What the exercise asks -
Return the data below unchanged, without images.

Source data -
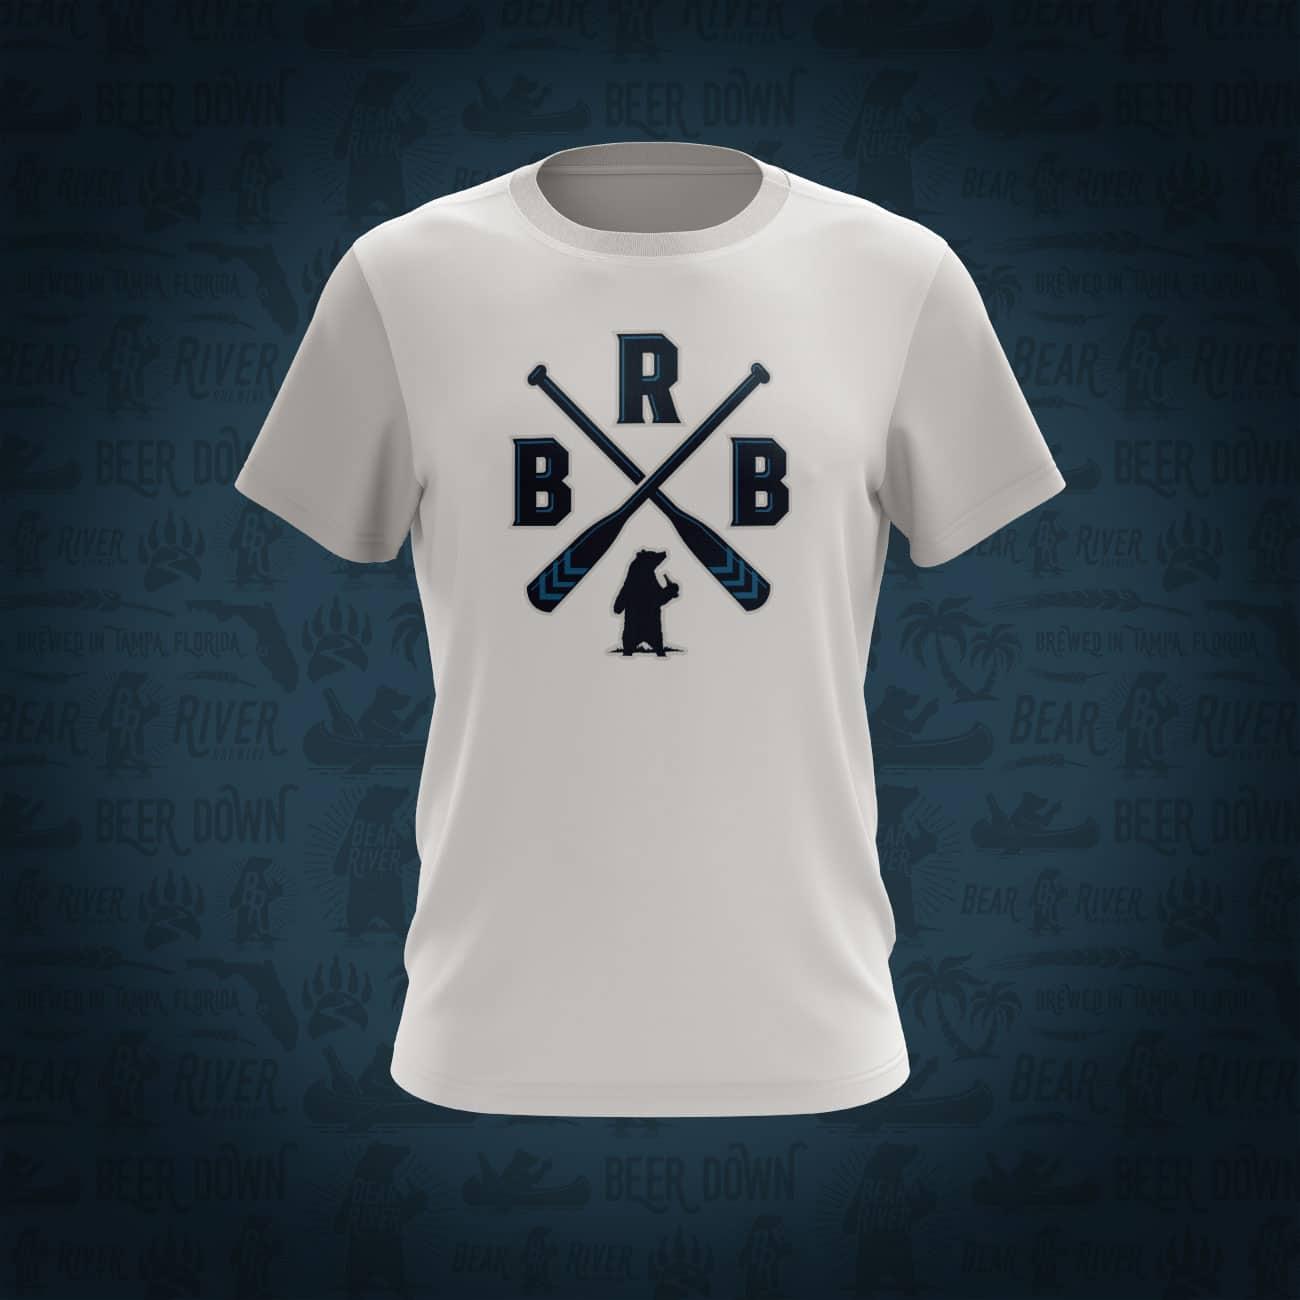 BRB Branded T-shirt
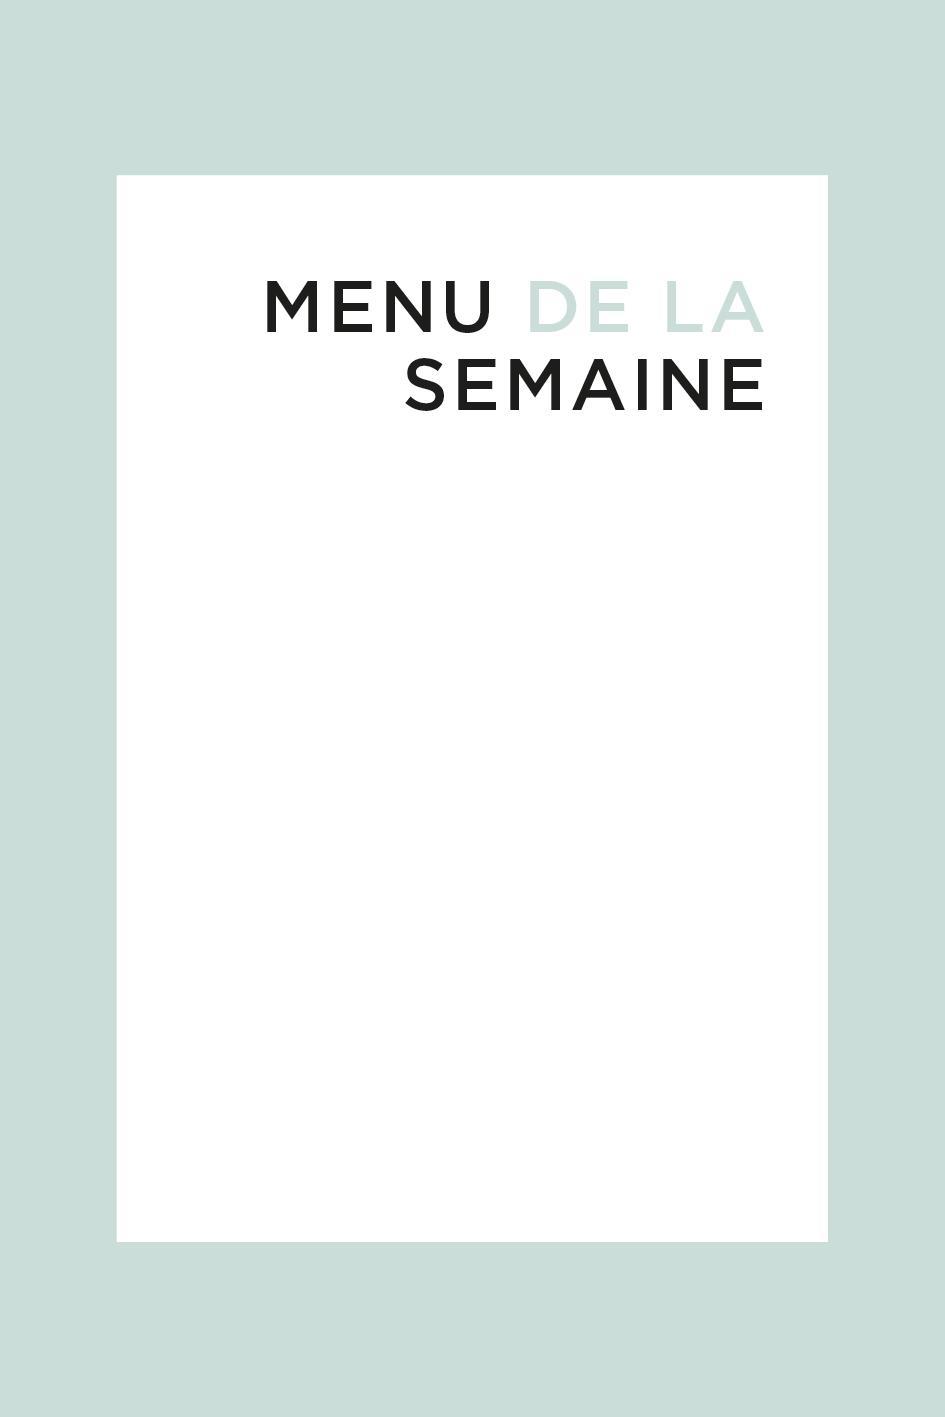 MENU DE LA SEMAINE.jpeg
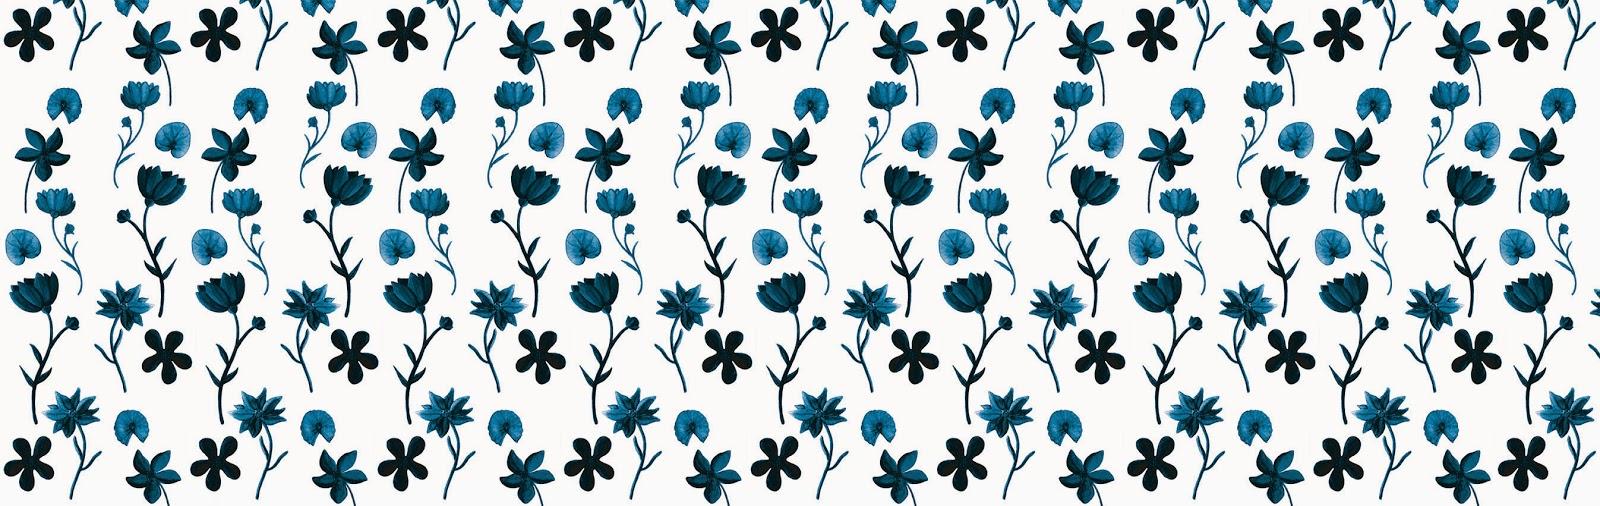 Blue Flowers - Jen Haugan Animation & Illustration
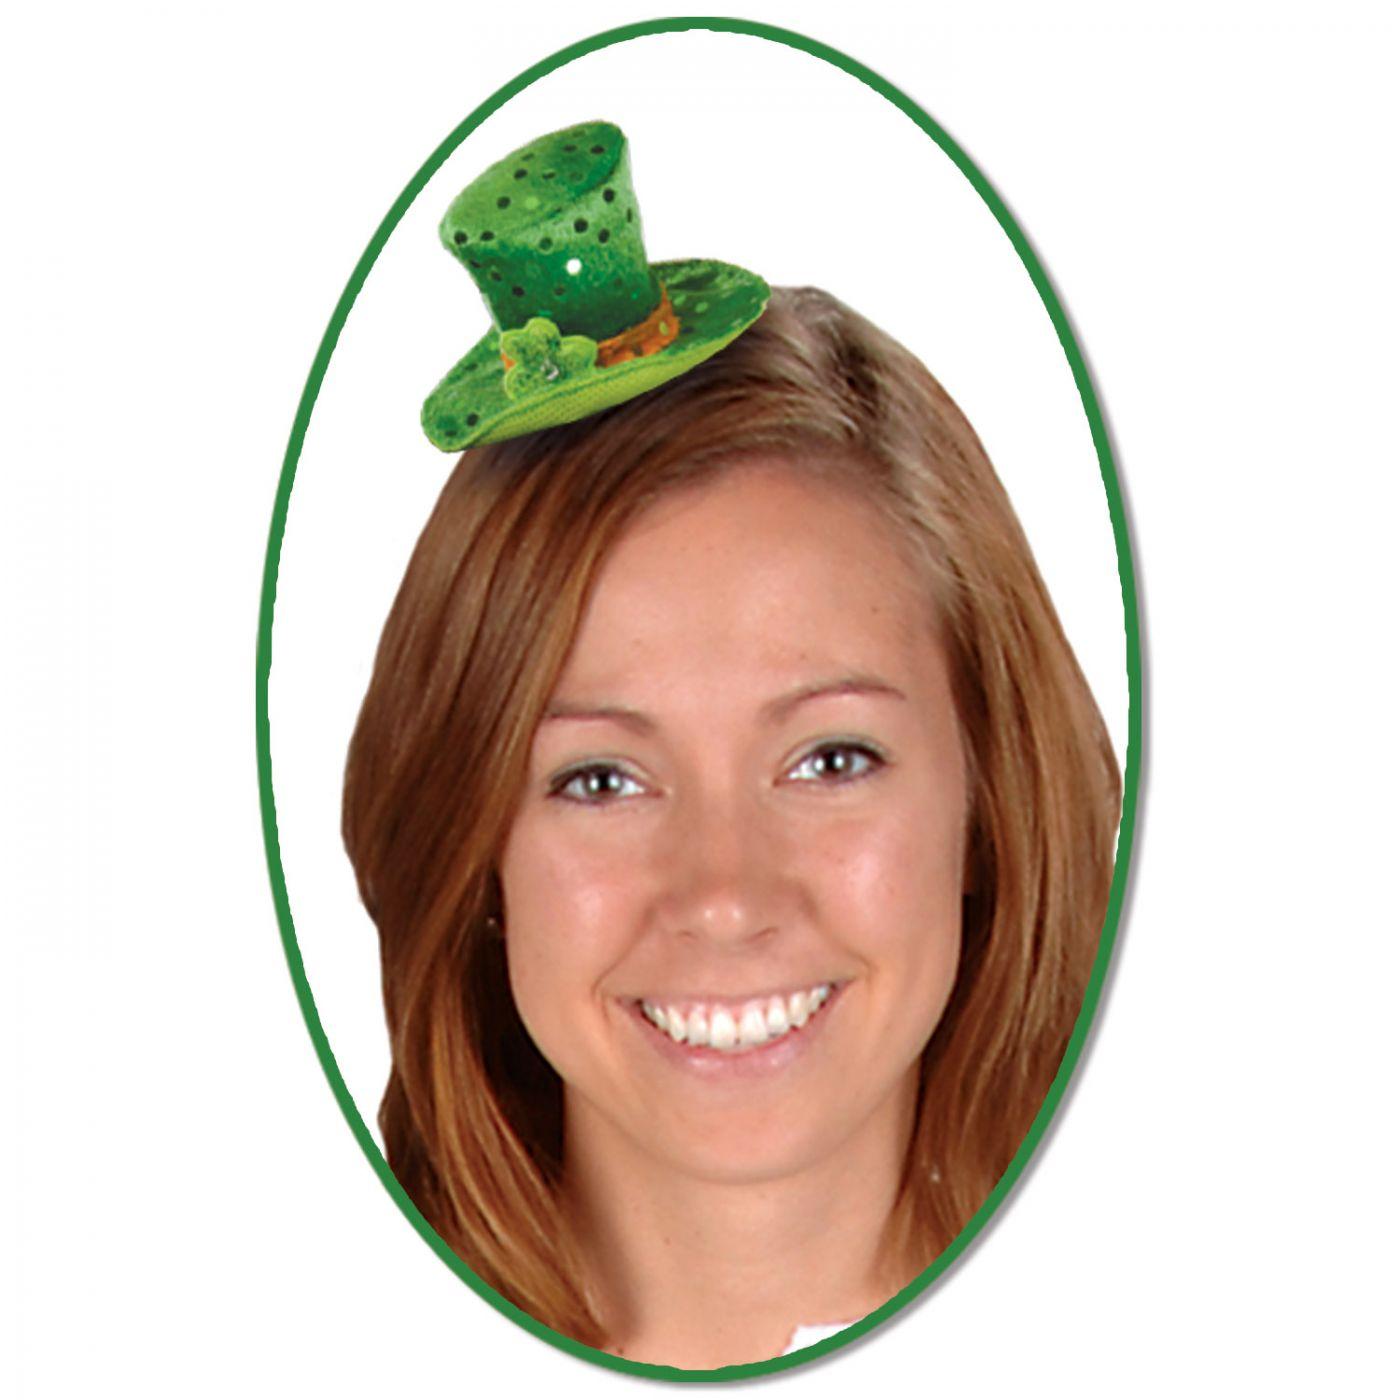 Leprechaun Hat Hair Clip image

Exercise response -
 BRB Branded T-shirt
 MENU DE LA SEMAINE.jpeg
 Blue Flowers - Jen Haugan Animation & Illustration
 Leprechaun Hat Hair Clip image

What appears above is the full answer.